*** DATA FOR REVIEW ***

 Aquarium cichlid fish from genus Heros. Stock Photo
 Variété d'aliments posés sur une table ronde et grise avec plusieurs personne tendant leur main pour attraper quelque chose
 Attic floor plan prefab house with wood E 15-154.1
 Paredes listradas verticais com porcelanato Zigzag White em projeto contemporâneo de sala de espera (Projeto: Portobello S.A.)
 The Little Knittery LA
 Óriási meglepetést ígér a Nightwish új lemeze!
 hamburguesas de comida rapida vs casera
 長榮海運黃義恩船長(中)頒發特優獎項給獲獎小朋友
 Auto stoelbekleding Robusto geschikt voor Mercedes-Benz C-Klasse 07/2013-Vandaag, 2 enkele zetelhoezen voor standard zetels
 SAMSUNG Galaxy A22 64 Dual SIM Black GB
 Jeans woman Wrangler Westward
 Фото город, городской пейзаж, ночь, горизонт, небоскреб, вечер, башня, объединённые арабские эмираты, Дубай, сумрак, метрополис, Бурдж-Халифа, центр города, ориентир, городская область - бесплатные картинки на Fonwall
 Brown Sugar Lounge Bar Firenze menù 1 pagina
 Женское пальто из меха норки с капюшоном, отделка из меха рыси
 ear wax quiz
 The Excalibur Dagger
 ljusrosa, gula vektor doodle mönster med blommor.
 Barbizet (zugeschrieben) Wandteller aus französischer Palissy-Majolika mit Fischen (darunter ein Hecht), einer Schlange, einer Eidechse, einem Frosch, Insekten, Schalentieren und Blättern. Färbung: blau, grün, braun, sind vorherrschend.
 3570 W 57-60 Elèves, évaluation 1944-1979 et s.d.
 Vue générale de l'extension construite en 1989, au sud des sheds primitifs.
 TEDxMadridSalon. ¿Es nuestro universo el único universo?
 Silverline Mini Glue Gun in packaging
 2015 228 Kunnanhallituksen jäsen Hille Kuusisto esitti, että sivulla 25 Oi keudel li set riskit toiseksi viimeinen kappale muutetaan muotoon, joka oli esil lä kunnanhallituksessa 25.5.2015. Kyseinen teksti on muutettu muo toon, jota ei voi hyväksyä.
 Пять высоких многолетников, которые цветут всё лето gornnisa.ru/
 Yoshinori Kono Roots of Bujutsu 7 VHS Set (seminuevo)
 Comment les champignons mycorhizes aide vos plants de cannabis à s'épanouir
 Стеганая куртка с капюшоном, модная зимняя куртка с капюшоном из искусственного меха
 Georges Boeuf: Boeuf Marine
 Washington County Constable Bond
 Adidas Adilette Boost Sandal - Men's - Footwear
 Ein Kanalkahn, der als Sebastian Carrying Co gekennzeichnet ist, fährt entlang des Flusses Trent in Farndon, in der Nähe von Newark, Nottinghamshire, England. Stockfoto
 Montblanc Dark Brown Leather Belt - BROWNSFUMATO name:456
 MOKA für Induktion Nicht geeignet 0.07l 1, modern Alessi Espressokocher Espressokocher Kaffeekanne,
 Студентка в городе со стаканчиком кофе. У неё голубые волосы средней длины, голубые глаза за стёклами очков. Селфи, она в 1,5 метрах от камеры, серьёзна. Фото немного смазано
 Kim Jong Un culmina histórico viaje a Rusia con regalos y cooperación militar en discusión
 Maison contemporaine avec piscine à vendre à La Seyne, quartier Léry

*** End of DATA FOR REVIEW ***

* [WHAT YOU HAVE TO DO]
Start with the line above that contains "長榮海運黃義恩船長(中)頒發特優獎項給獲獎小朋友" and end with the line that contains "Silverline Mini Glue Gun in packaging". Write out those lines exactly, and only those.

* [TASK RESULT]
 長榮海運黃義恩船長(中)頒發特優獎項給獲獎小朋友
 Auto stoelbekleding Robusto geschikt voor Mercedes-Benz C-Klasse 07/2013-Vandaag, 2 enkele zetelhoezen voor standard zetels
 SAMSUNG Galaxy A22 64 Dual SIM Black GB
 Jeans woman Wrangler Westward
 Фото город, городской пейзаж, ночь, горизонт, небоскреб, вечер, башня, объединённые арабские эмираты, Дубай, сумрак, метрополис, Бурдж-Халифа, центр города, ориентир, городская область - бесплатные картинки на Fonwall
 Brown Sugar Lounge Bar Firenze menù 1 pagina
 Женское пальто из меха норки с капюшоном, отделка из меха рыси
 ear wax quiz
 The Excalibur Dagger
 ljusrosa, gula vektor doodle mönster med blommor.
 Barbizet (zugeschrieben) Wandteller aus französischer Palissy-Majolika mit Fischen (darunter ein Hecht), einer Schlange, einer Eidechse, einem Frosch, Insekten, Schalentieren und Blättern. Färbung: blau, grün, braun, sind vorherrschend.
 3570 W 57-60 Elèves, évaluation 1944-1979 et s.d.
 Vue générale de l'extension construite en 1989, au sud des sheds primitifs.
 TEDxMadridSalon. ¿Es nuestro universo el único universo?
 Silverline Mini Glue Gun in packaging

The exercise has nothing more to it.